I once supervised a counsellor who was working with a woman client whose daughter had an eating disorder. I aim to be scrupulous about maintaining clients’ confidentiality so I didn’t know the real name of either the supervisee’s client or the client’s daughter. After some weeks I realised that the supervisee’s client was in fact the mother of one of my own clients, so I was hearing my client’s story from two angles. (It was interesting that it took me so long to recognise it.) When I realised this I stopped the supervisee in mid-flow and told her I couldn’t supervise her for that client. So was that an ethical thing to do? It left the supervisee high and dry; it protected me from knowing more about the client than she herself had told me. Was that good? Should I have told my client? I didn’t because I didn’t think it was helpful for her. Whose benefit would that confession have served? Not an easy situation to resolve; not obvious at all.

Similarly, when I make presentations using client material and ask participants to use their own and their clients’ material, I always ask for their explicit agreement that we are in a privileged situation and that what we learn about others is not to be repeated outside the room.
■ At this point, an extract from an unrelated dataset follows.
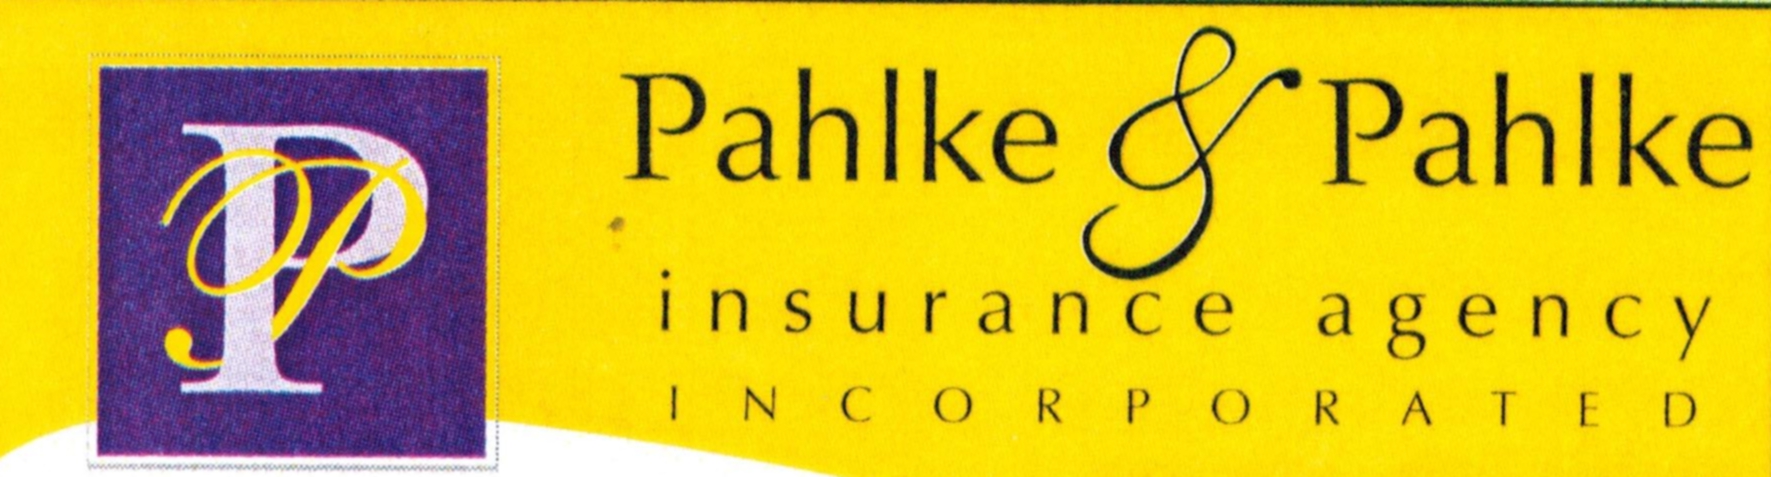 Pahlke & Pahlke Insurance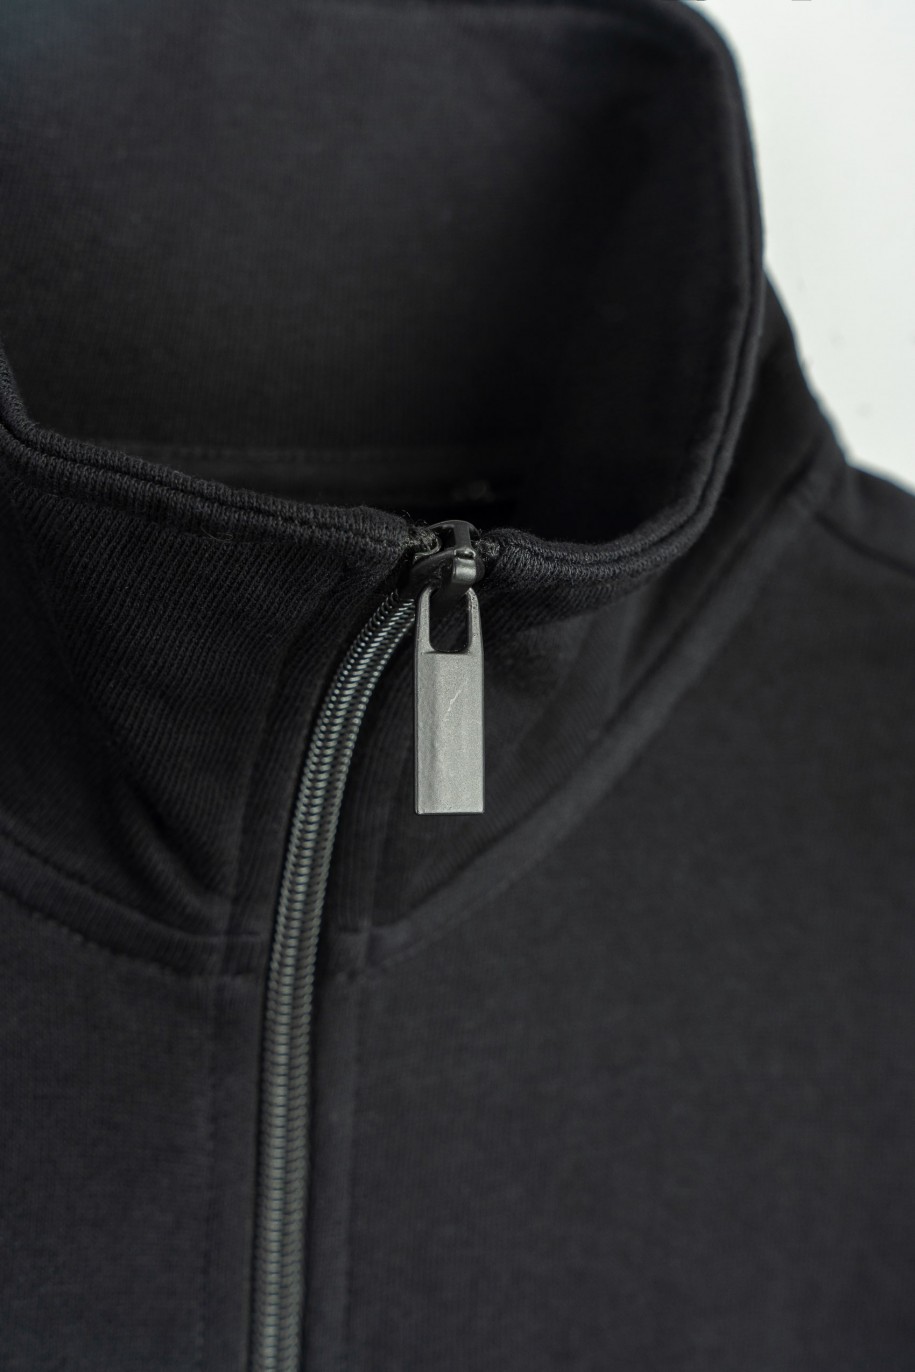 Czarna bluza bomberka z minimalistycznymi nadrukami zapiana na zamek - 47471

When I do day-long workshops I get participants to sign an undertaking to this effect. Yet I am not at all certain that we have any deep understanding of the undertaking. Does it mean that the client examples can’t be used in any other setting; does it mean they can’t be discussed in another setting? Am I requiring any reflection on the material to be done entirely privately by the individuals present? Is that the best way to learn? And if it isn’t, what exactly does that confidentiality mean?

So what about you?

What motivated you in the first place to take up counselling training? What were the immediate reasons and the underlying reasons?

What were the messages you took from your training? Were you critical of them at the time? Have you become so since? Have you modified your approach to clients? Have you integrated new theories and understanding in your approach to clients? What is it that you think you are doing when you work with a client? How do you understand the ethical challenges of your work?

Do you think that you have arrived at a place of authentic practice?

Julia Buckroyd is Emeritus Professor of Counselling at the University of Hertfordshire. She practises in St Albans as a therapist specialising in work with people concerned about food, weight, shape or size. She also trains therapists to deliver her ‘Understanding your eating’ programme for working with emotional eaters and delivers workshops on eating disorders and other issues.

References

1. Davis M, Wallbridge D. Boundary and space: an introduction to the work of DW Winnicott. Harmondsworth: Penguin; 1983.
2. Langs RJ. The technique of psychoanalytic psychotherapy. Volume one: initial contact, theoretical framework, understanding the patient’s communications, the therapist’s interventions. Lanham, MD: Jason Aronson; 1989.
3. Klein J. Our need for others and its roots in infancy. London: Tavistock; 1987.